How Does MCP Compare to OpenAPI?
OpenAPI is a widely adopted standard for defining APIs, so at first glance it too is a kind of layer above APIs. But according to Batchu, MCP builds upon OpenAPI rather than replaces it.
“The jump from an OpenAPI spec into MCP is very small,” he said. “OpenAPI is somewhat of a superset of all information that MCP needs, and then you package it up with the specific examples and descriptions [for] an LLM, and you run it as a server.”
Put another way: while OpenAPI provides a structured definition of an API’s capabilities, it is primarily a static specification. MCP, by contrast, introduces a client-server interaction model. An MCP server is a live, running instance that AI agents can query in real time. This means an MCP server can dynamically respond to AI-generated requests, making APIs more accessible to agentic workflows.
“The jump from an OpenAPI spec into MCP is very small.”
– Sagar Batchu, Speakeasy CEO
As Batchu put it, “the difference is [that] an OpenAPI spec is just a definition, and MCP server is actually a server-client experience.”
Until MCP arrived, integrating an API with an AI model had been challenging. Many AI-based API integrations failed because models lacked the necessary schema information to make sense of API responses, Batchu noted. MCP solves this by structuring API interactions in a way that AI can understand, making integrations more reliable.
Real-World Use Cases For MCP Servers
Speakeasy already has several customers using its MCP feature set, Batchu said. Companies like Vercel, Dub, and others are leveraging MCP servers to enhance their API-driven workflows.
On Dub, a link-sharing platform, marketing teams frequently create short links for tracking article performance. Instead of manually searching analytics dashboards, they can now ask an AI assistant to retrieve their most-clicked links over the past week. The AI queries Dub’s MCP server, fetches the relevant data, and even generates a visualization — all without the user leaving their chat interface.

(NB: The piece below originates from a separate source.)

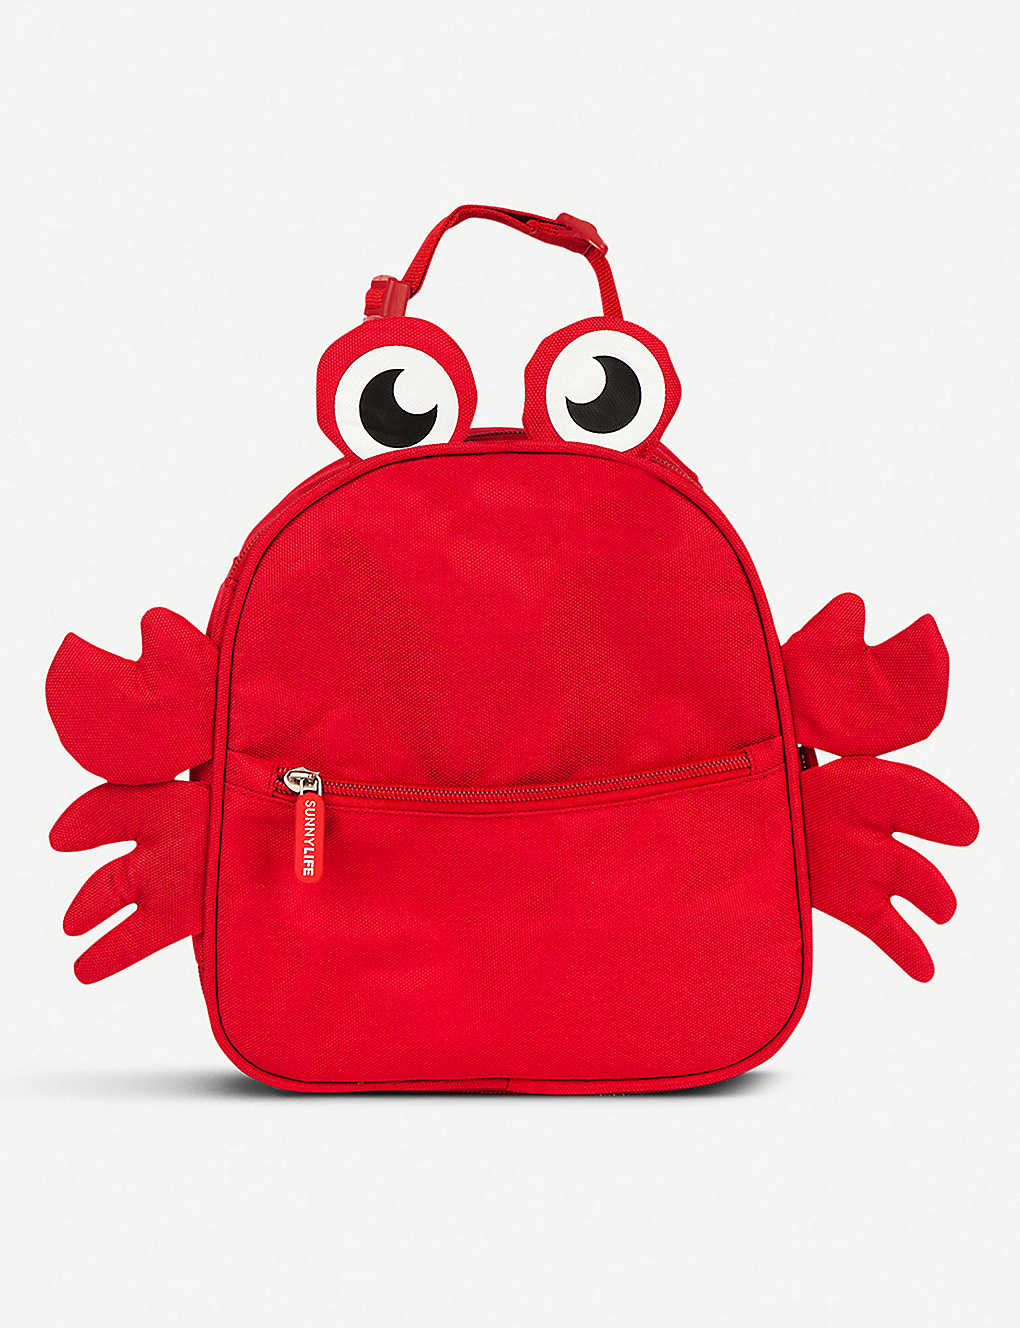 c4289fd203a0 Crab lunch bag

I asked about potential e-commerce applications, since this is an area seemingly well suited to AI agents. Imagine such a company using MCP to power AI-driven business intelligence, Batchu suggested. An AI assistant could query an MCP server for sales data, generate reports, and even suggest marketing strategies based on real-time insights. This would lessen the need for manual data extraction and analysis.

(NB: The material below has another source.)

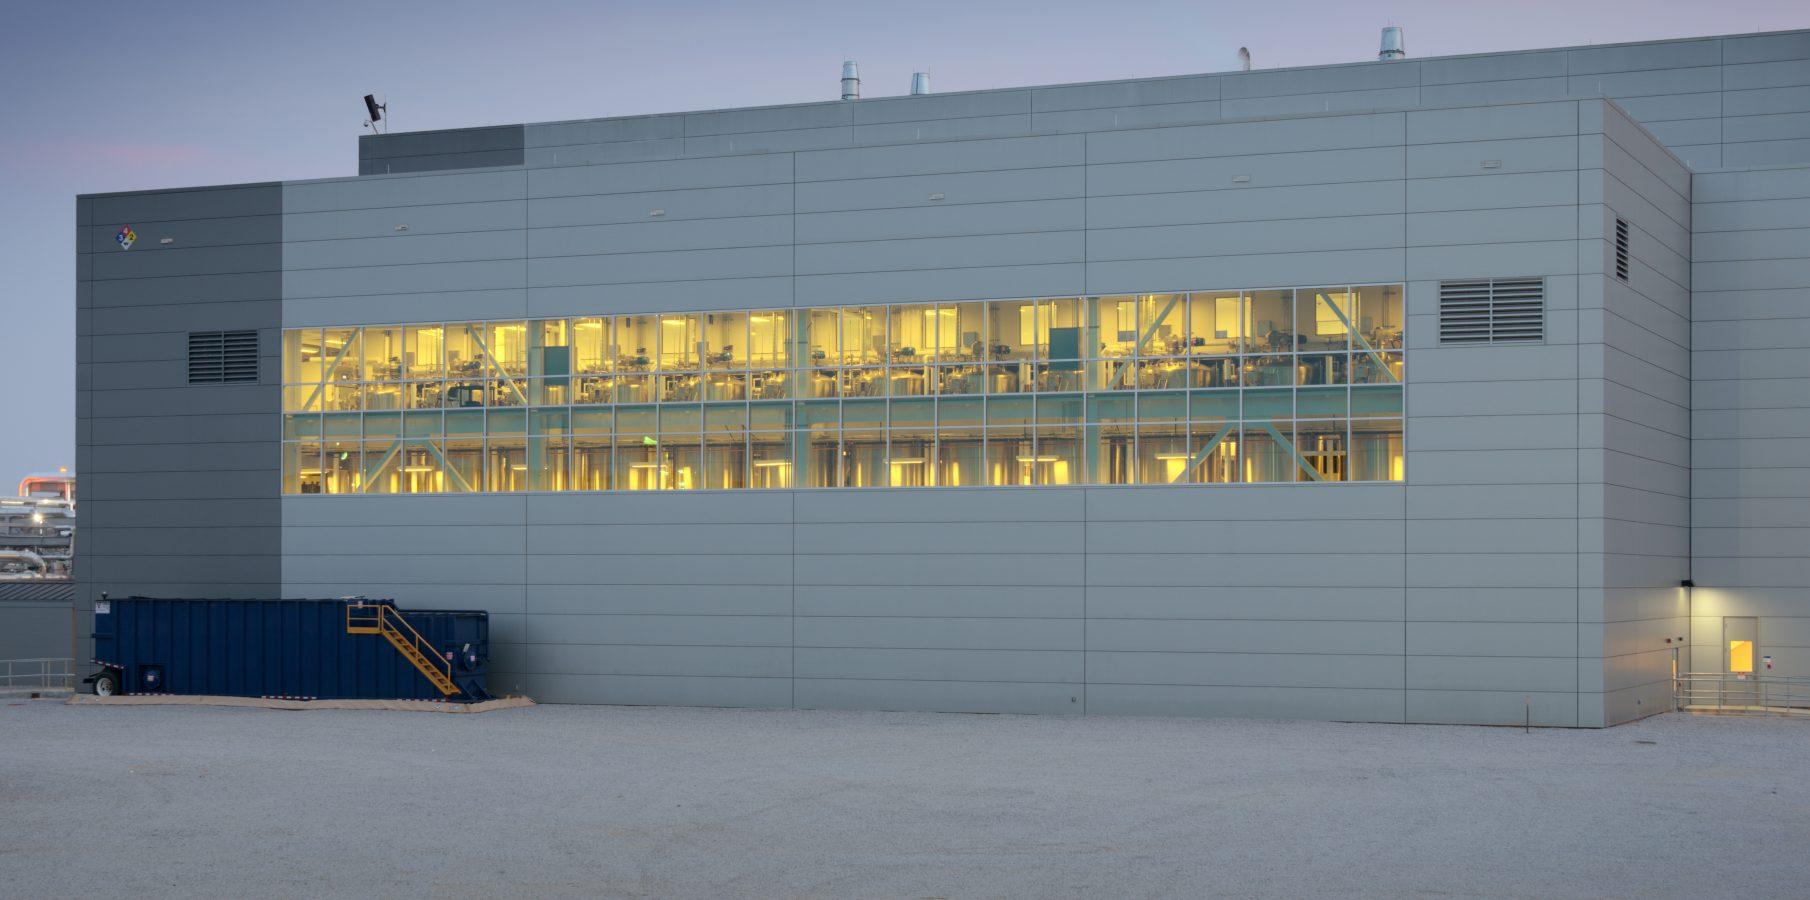 S&B – Fractionator Building

Competing Standards Ahead?
Anthropic developed MCP, but so far there’s been no sign that the other big dogs in AI will adopt it — the likes of OpenAI, Google and Meta.

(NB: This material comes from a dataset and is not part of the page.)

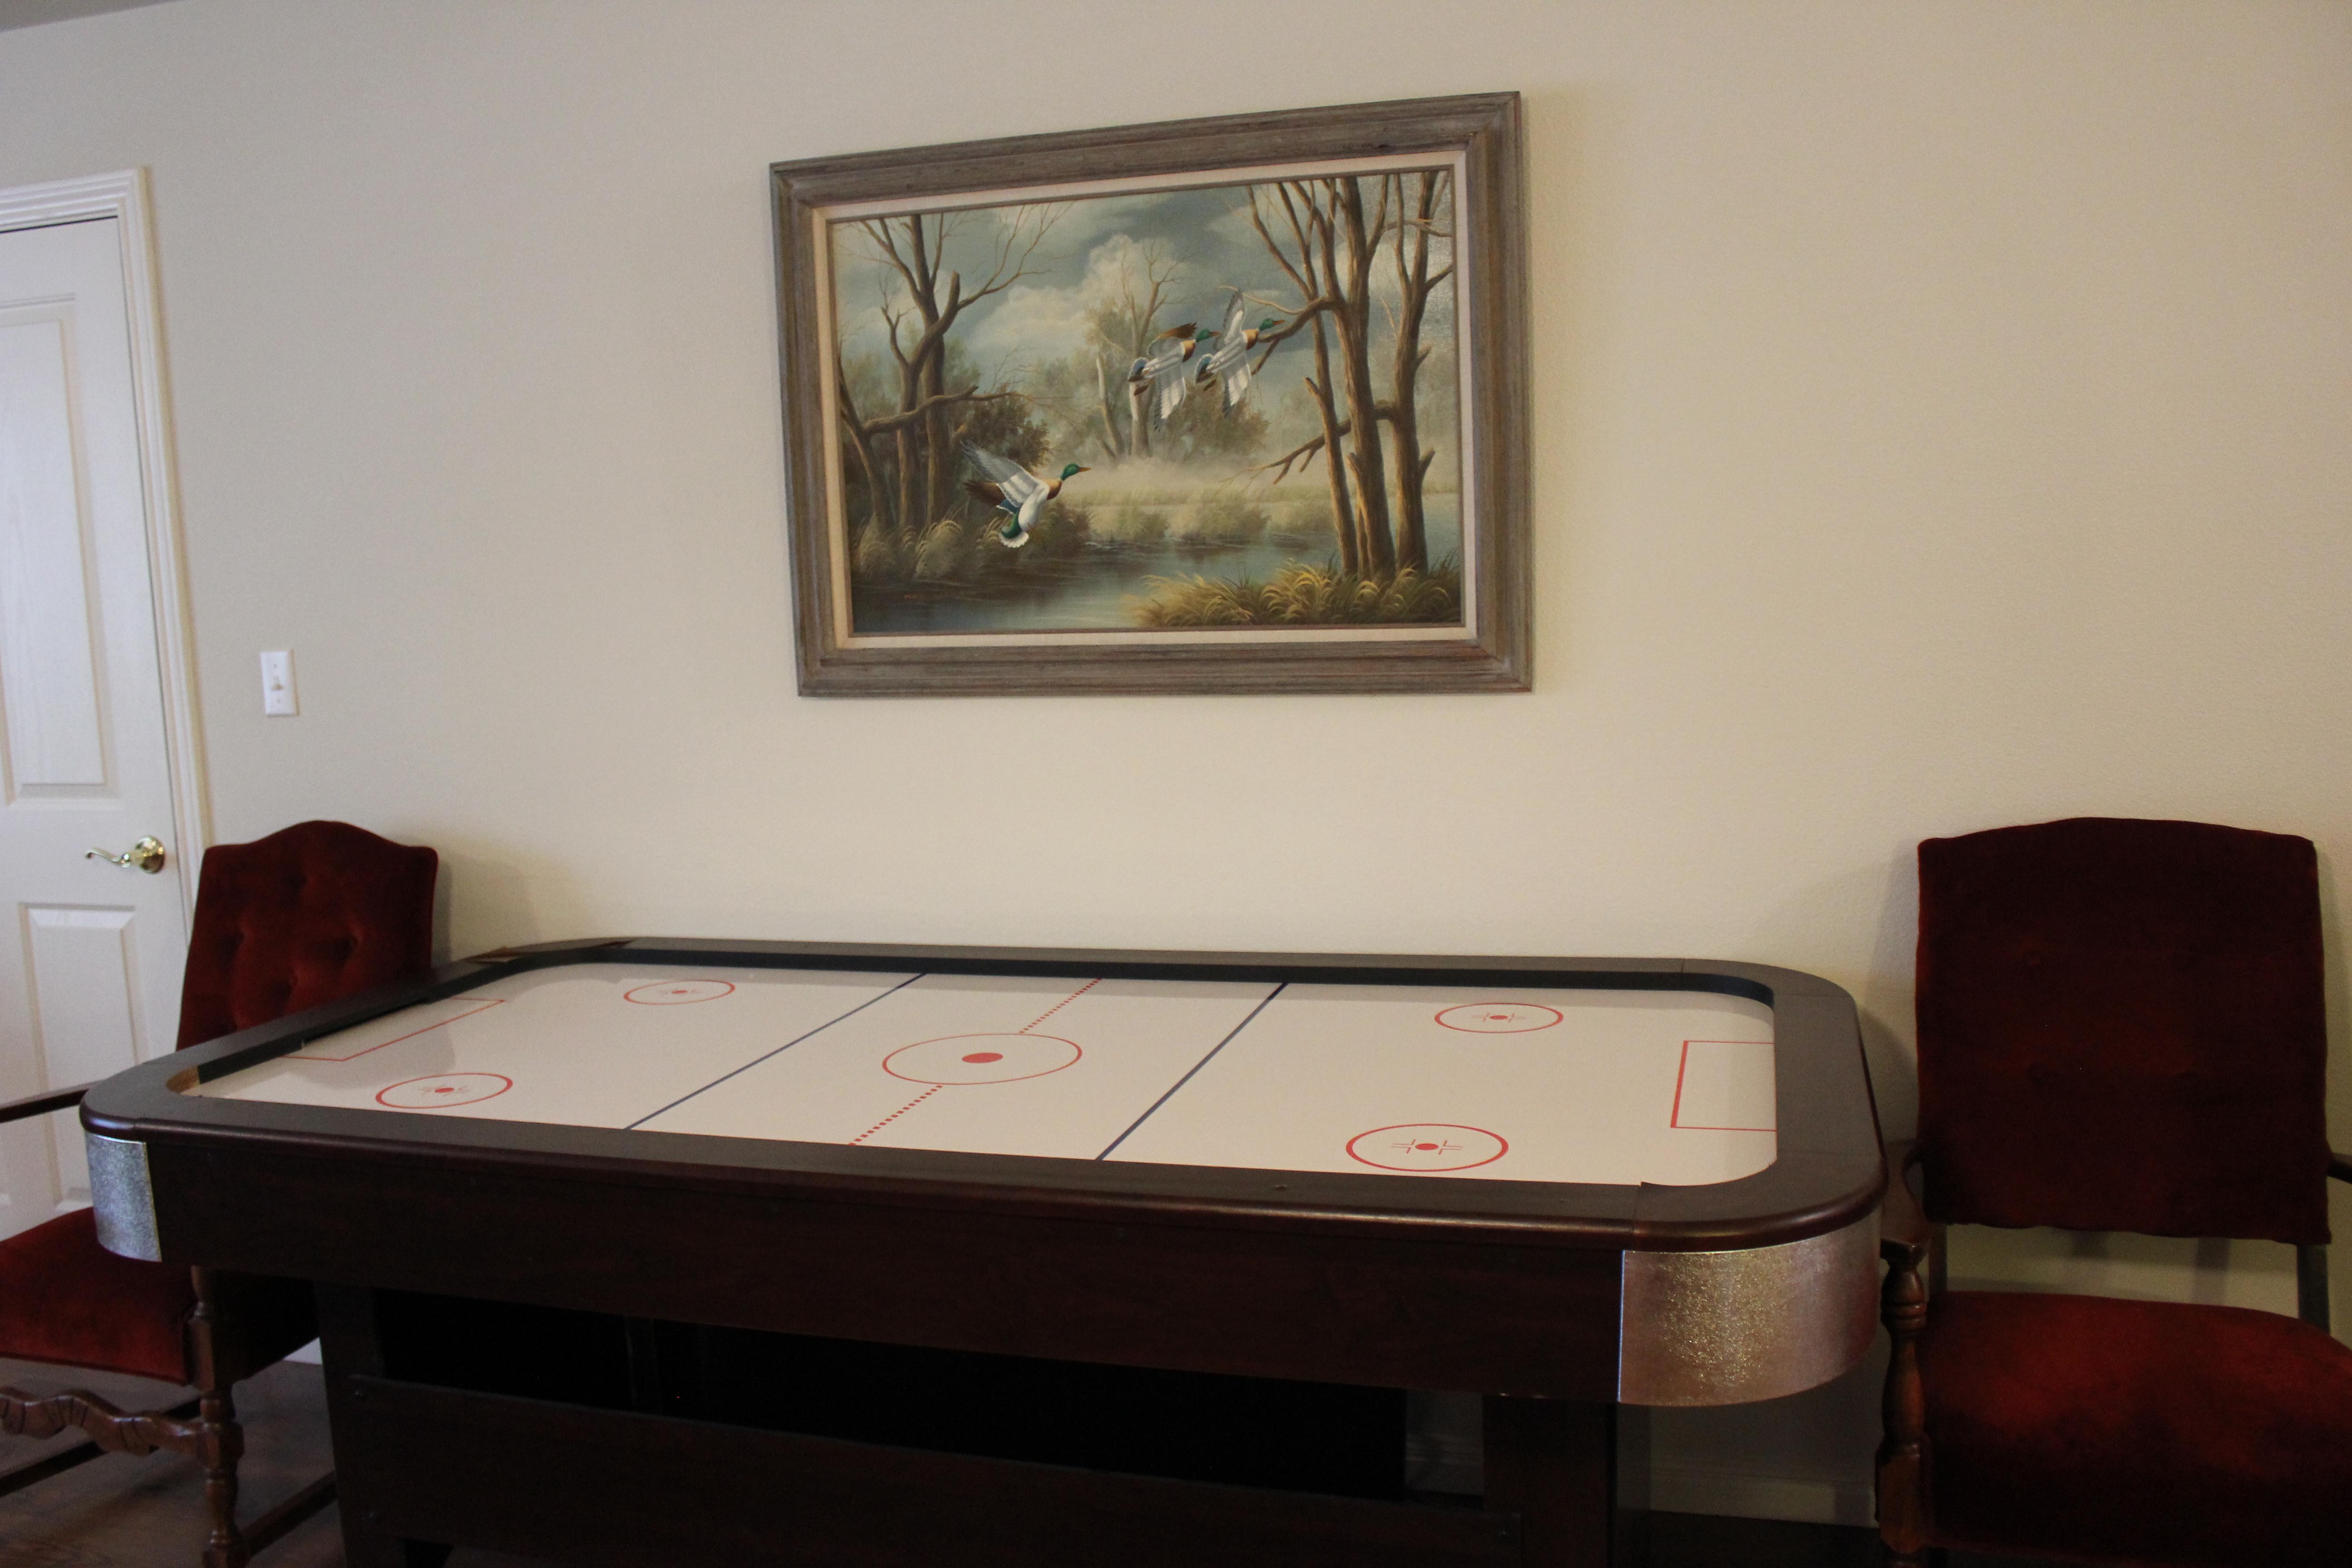 Hawk's Nest Hockey Table

Batchu thinks the MCP paradigm is likely to evolve alongside other AI-driven API approaches. He points out that OpenAI’s function calling already provides a way for AI models to interact with external services, though it lacks the standardized, open nature of MCP.
“There will be a little bit of schema wars for a while, I believe, until it settles out into something like OpenAPI, right, where there’s a standard,” he said.
“There will be a little bit of schema wars for a while.”
– Batchu
Regardless, Batchu thinks the time is ripe for API producers to experiment with MCP.
“API producers should invest in agent tools like MCP and, you know, make a GitHub repo, build it, put it out there.”
Likewise, he thinks API consumers should experiment, although he acknowledges that there will be more “disruption and chaos” for them — because standards are still in flux. But he has some advice for developers who are tasked with using APIs alongside AI.
“The first thing you can do is actually go look if the API has an MCP server. You can install that locally into your IDE or LLM desktop client, and actually just start to integrate through queries [via] natural language.”
Batchu also notes that the opportunity is there for developers to automate workflows and extract insights dynamically from APIs, using MCP alongside agentic frameworks like LangChain and AutoGen.